> **EXERCISE OBJECTIVE**:
Exact retyping of the data: please keep every word and drop each picture.

> **COLLECTED DATA**:

===============

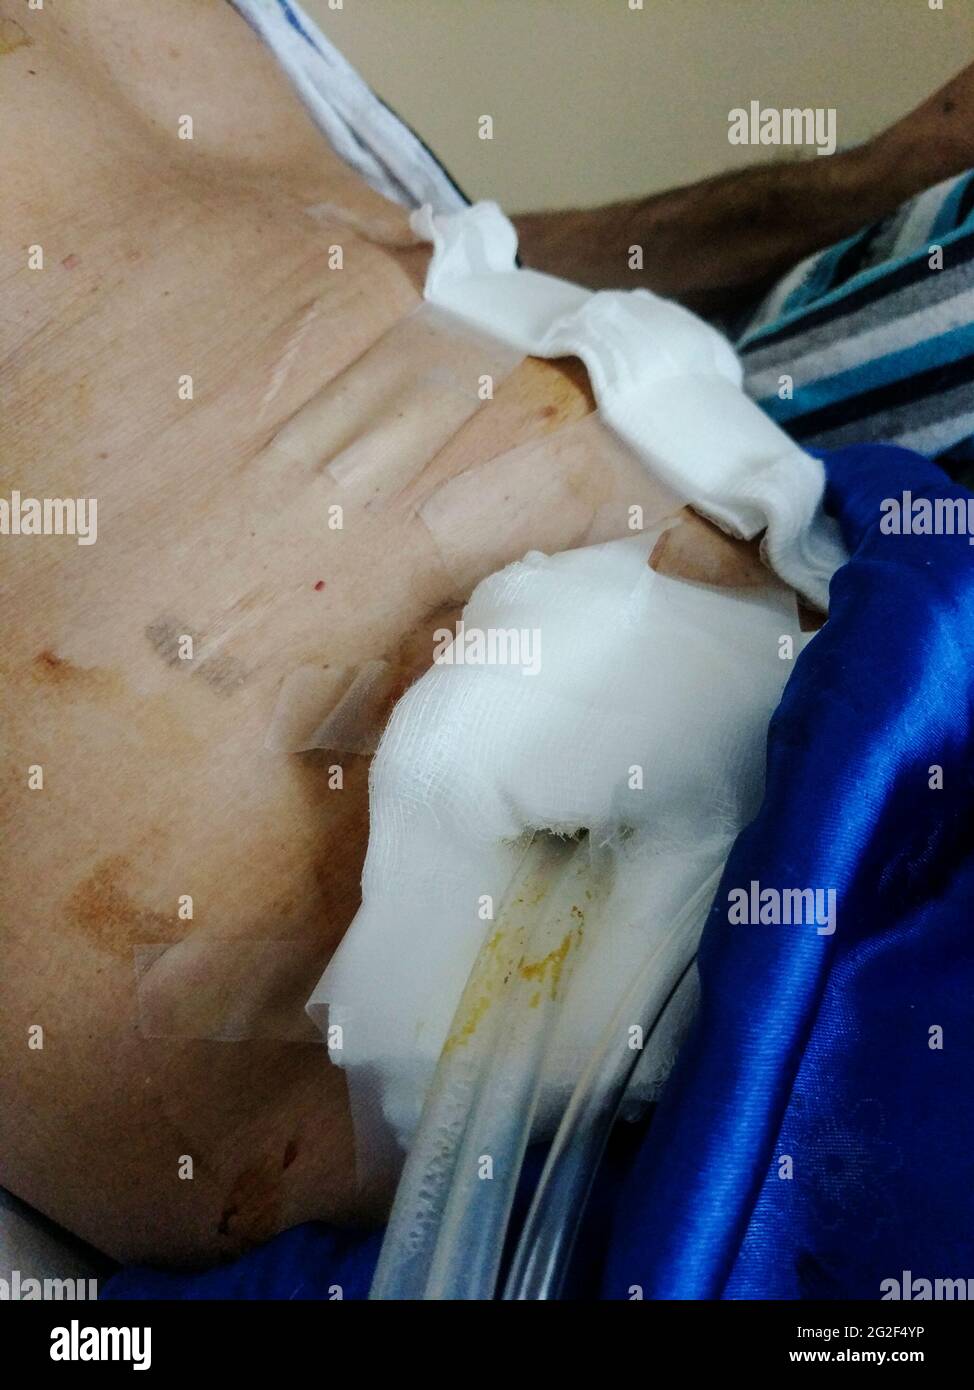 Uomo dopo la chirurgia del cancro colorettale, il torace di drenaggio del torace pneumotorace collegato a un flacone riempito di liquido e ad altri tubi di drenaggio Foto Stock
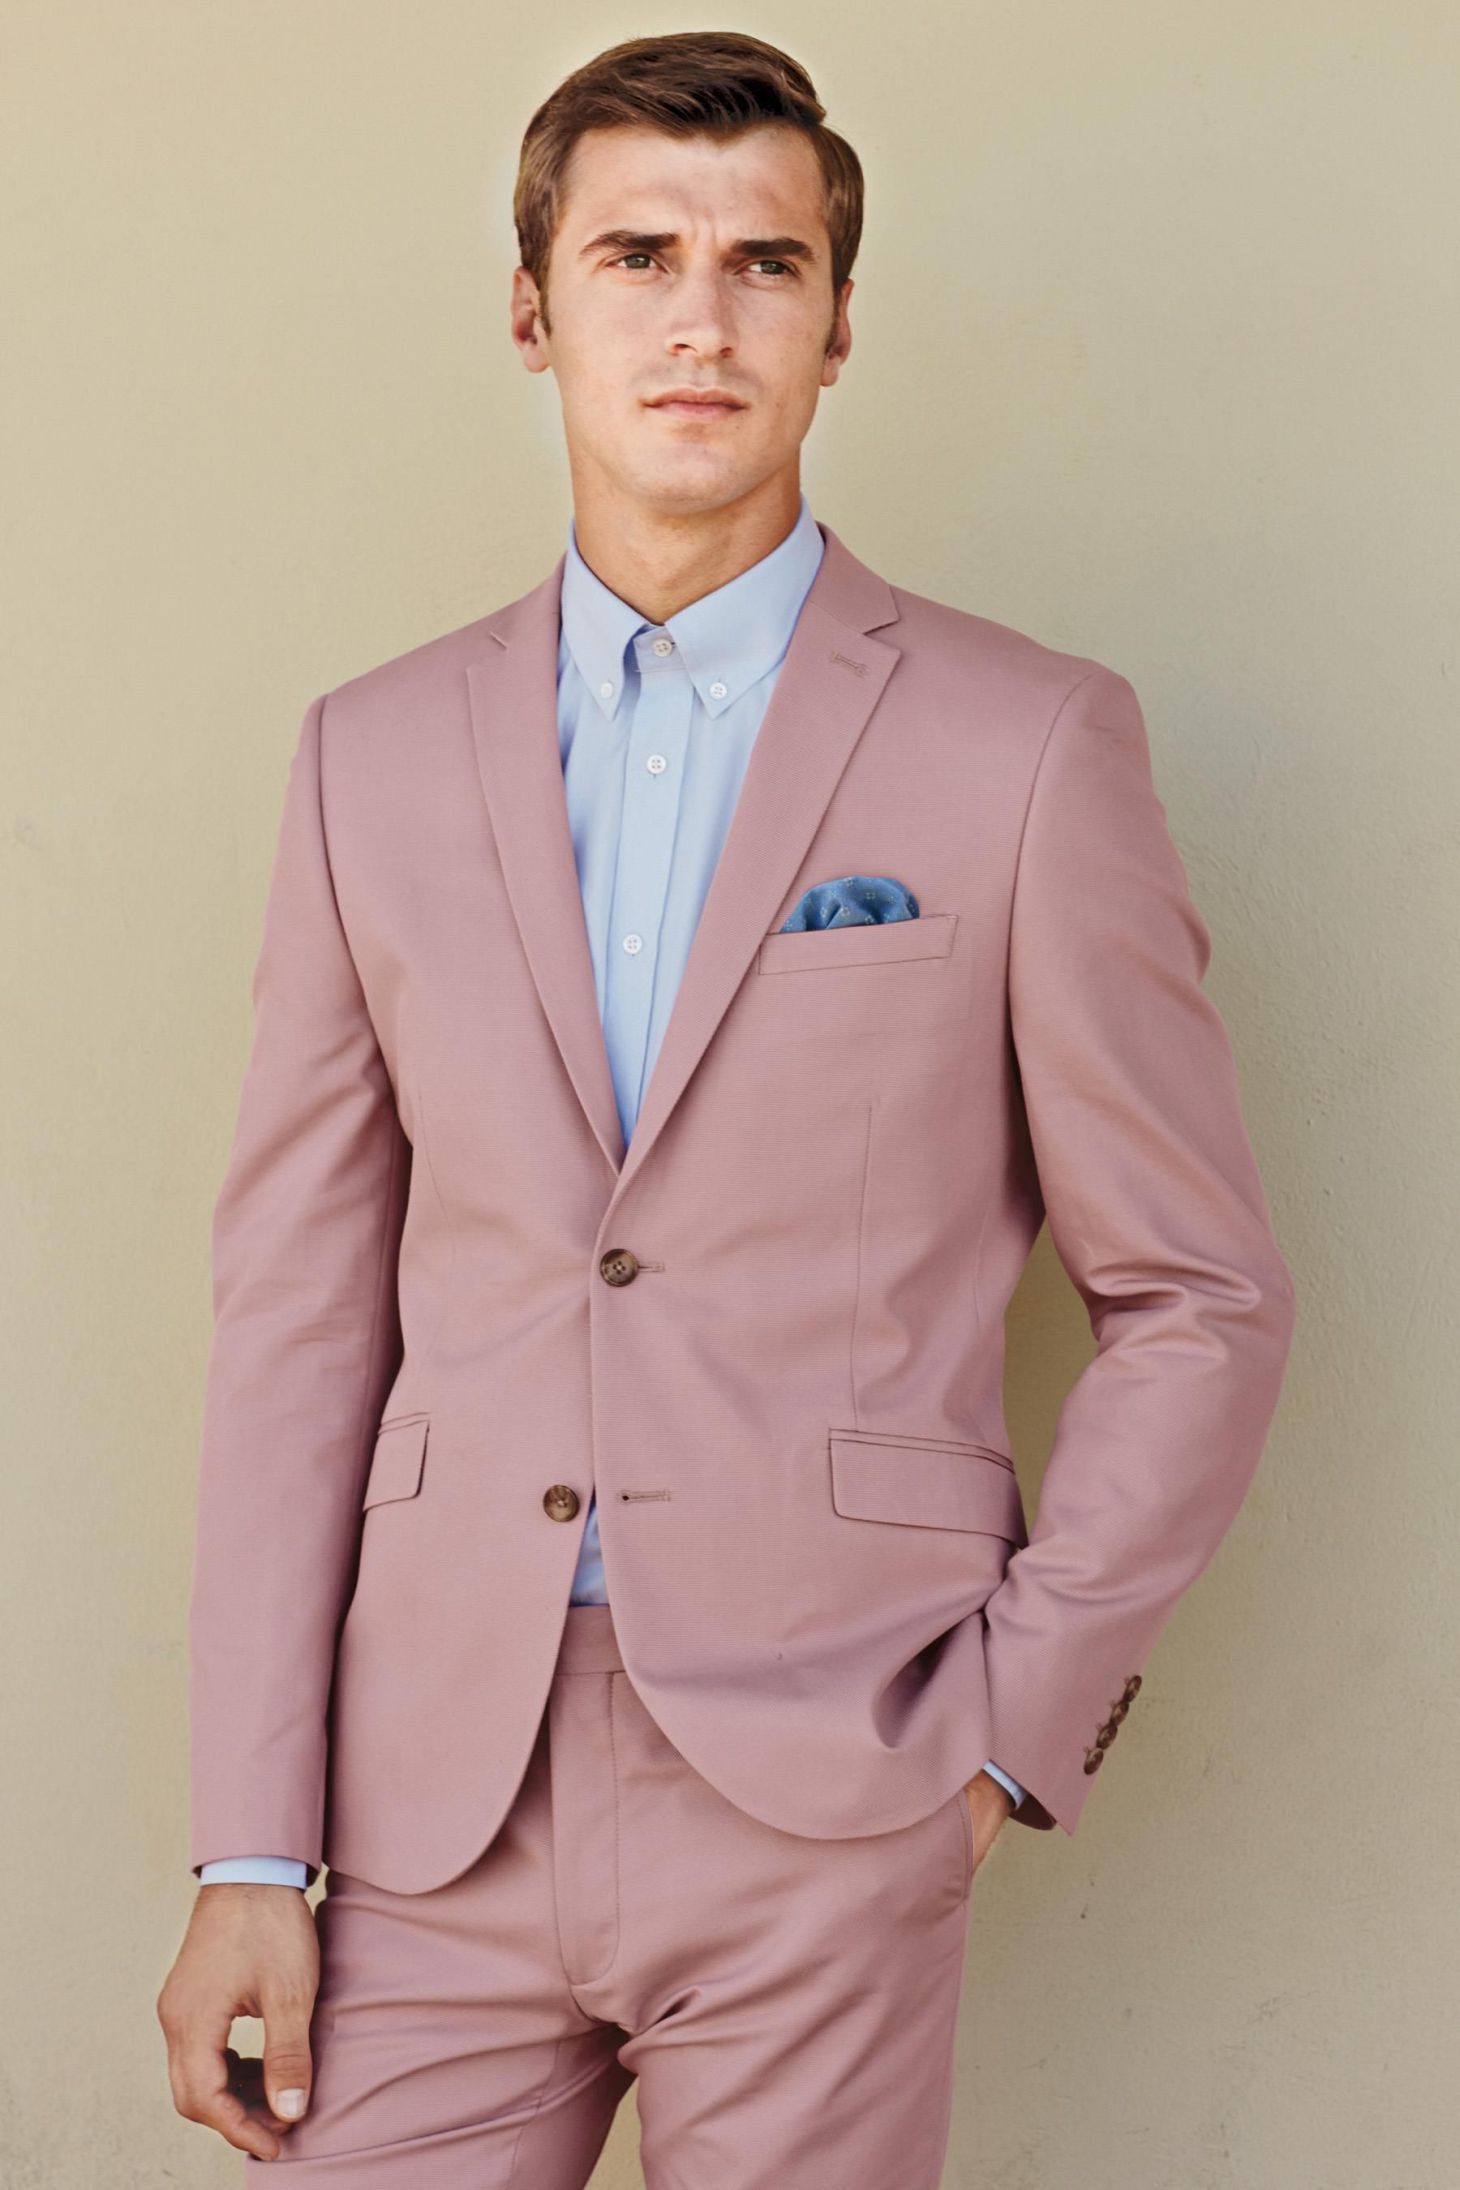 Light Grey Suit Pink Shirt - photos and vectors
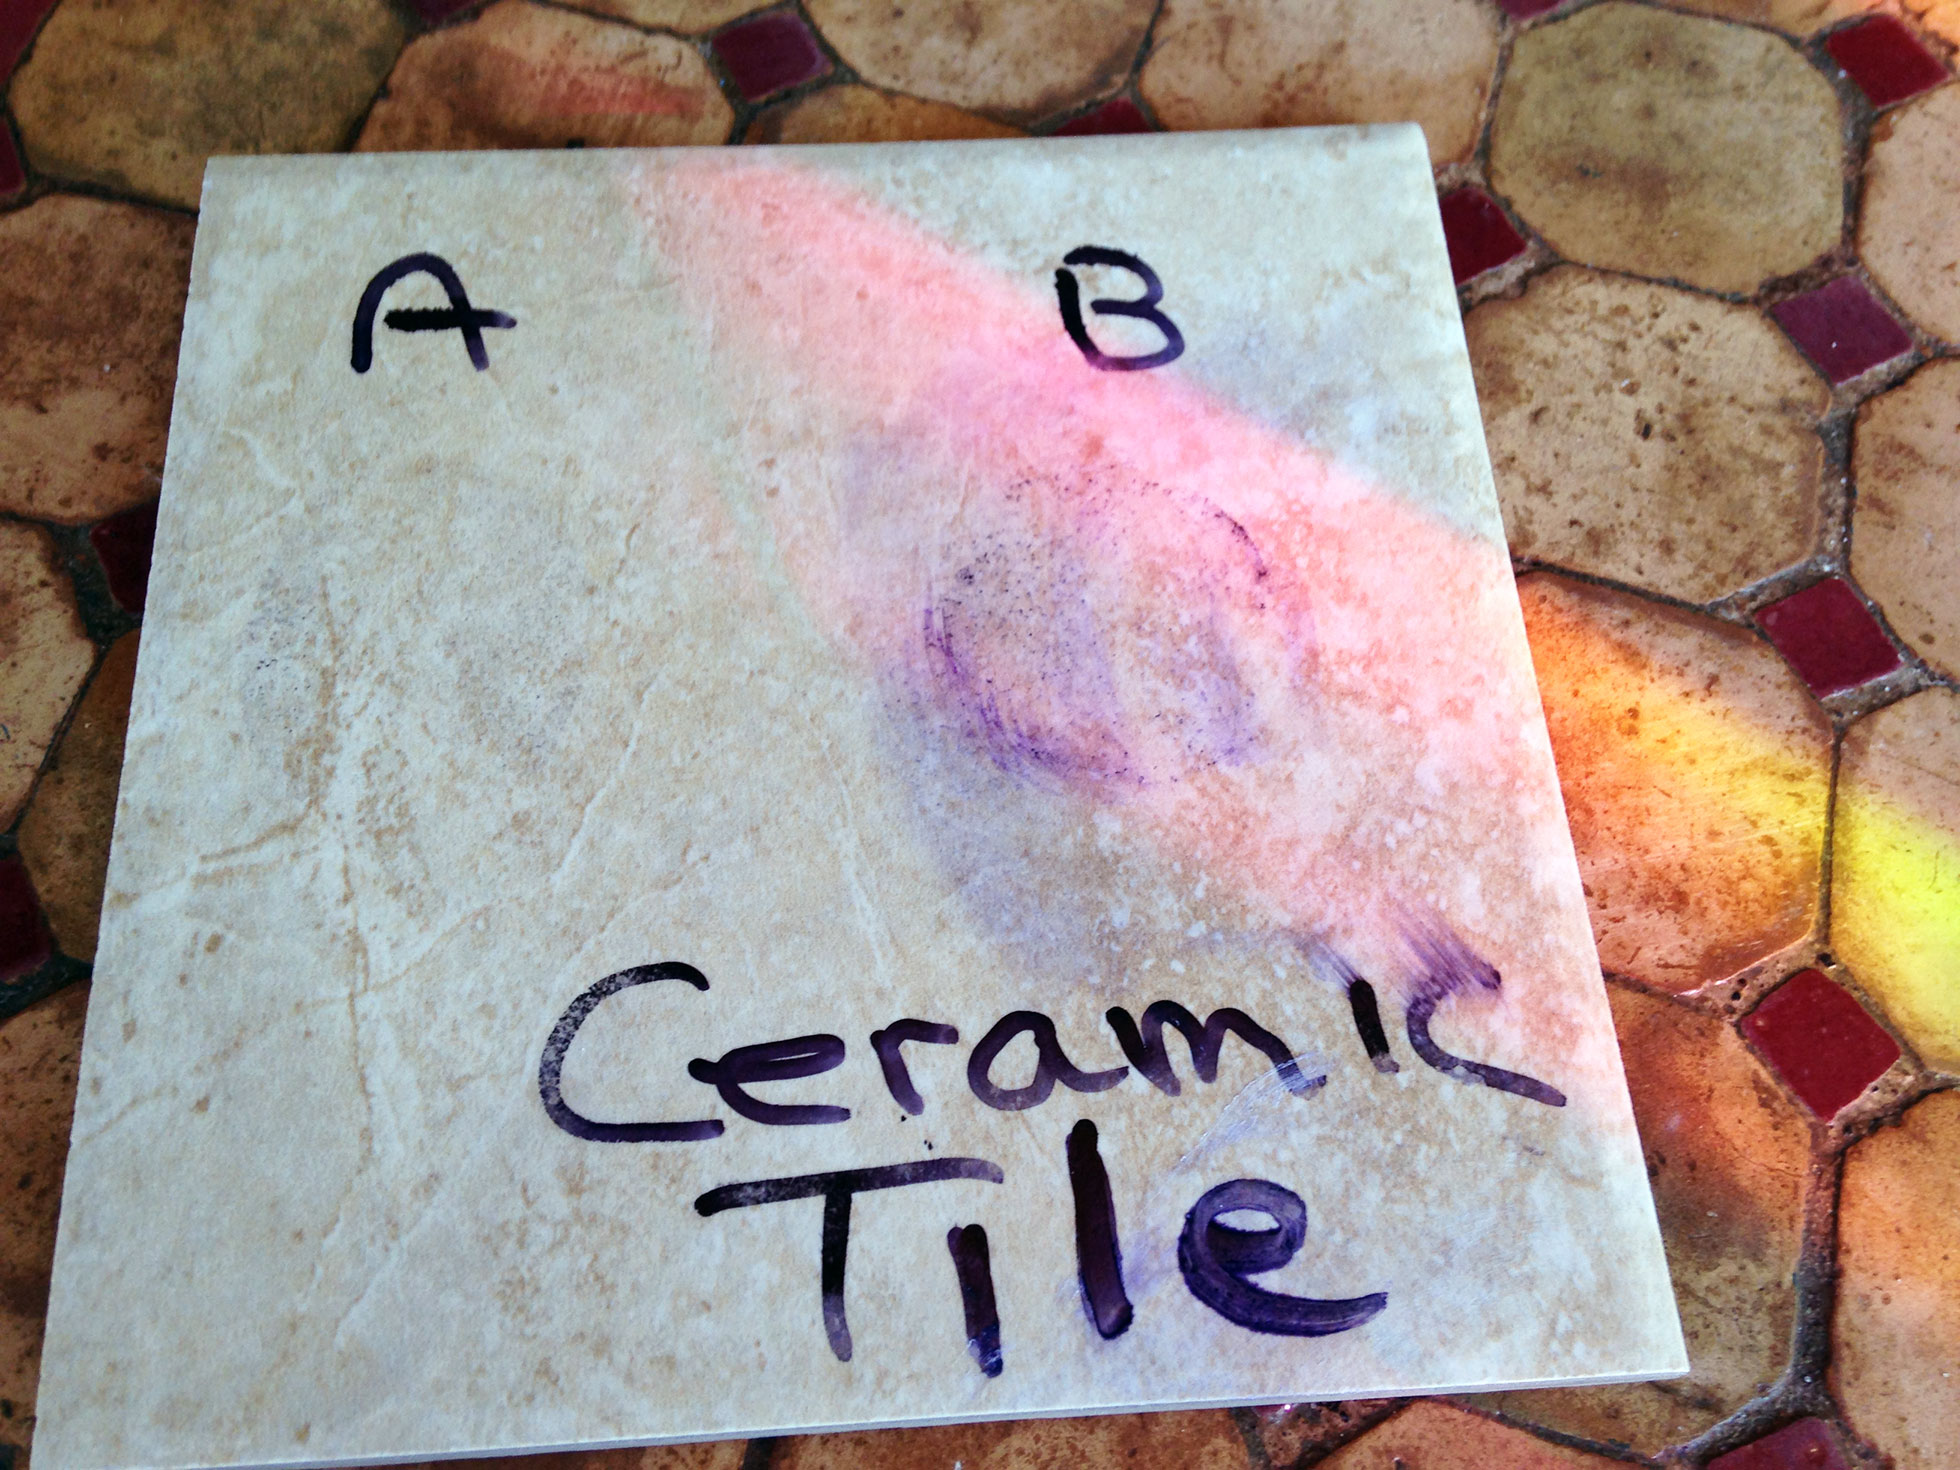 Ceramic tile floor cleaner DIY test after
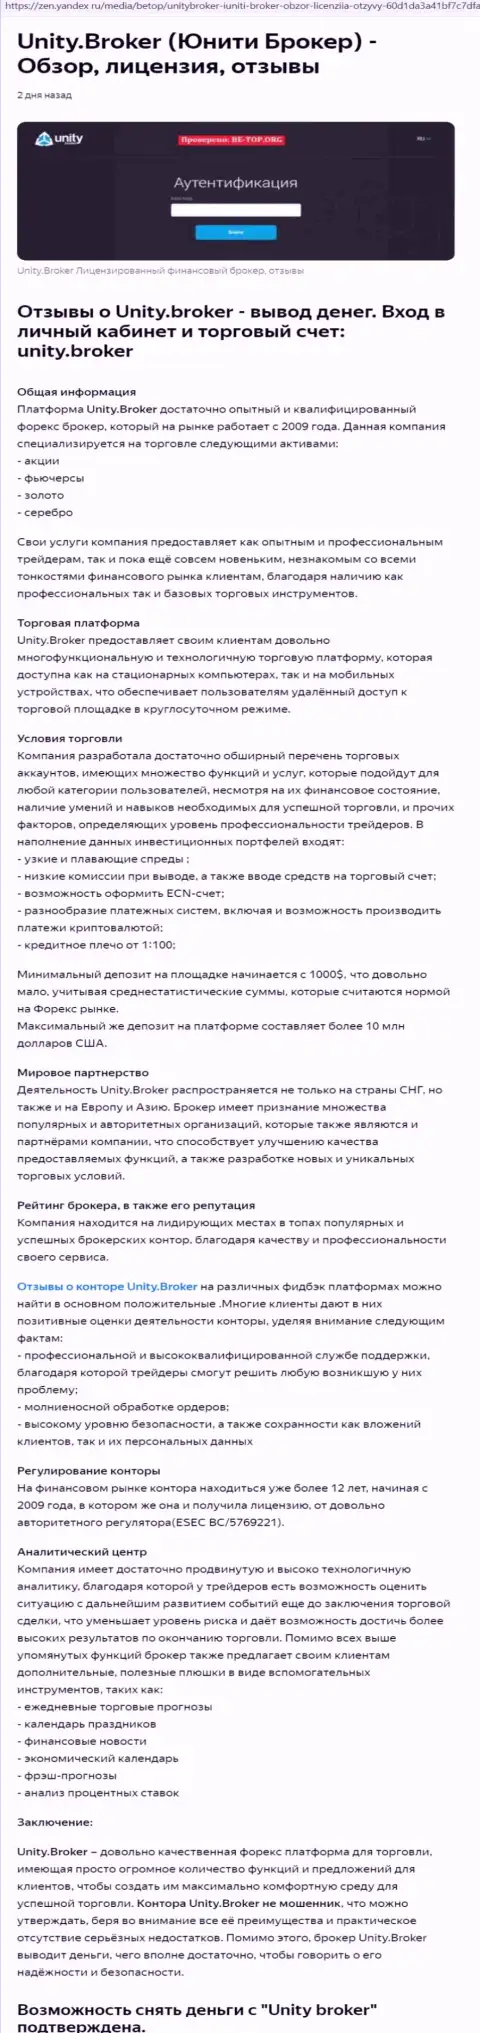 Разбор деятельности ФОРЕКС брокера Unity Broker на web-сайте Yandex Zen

===============

> **YOUR SOLUTION**:
 Uomo dopo la chirurgia del cancro colorettale, il torace di drenaggio del torace pneumotorace collegato a un flacone riempito di liquido e ad altri tubi di drenaggio Foto Stock
 Light Grey Suit Pink Shirt - photos and vectors
 Ceramic tile floor cleaner DIY test after
 Разбор деятельности ФОРЕКС брокера Unity Broker на web-сайте Yandex Zen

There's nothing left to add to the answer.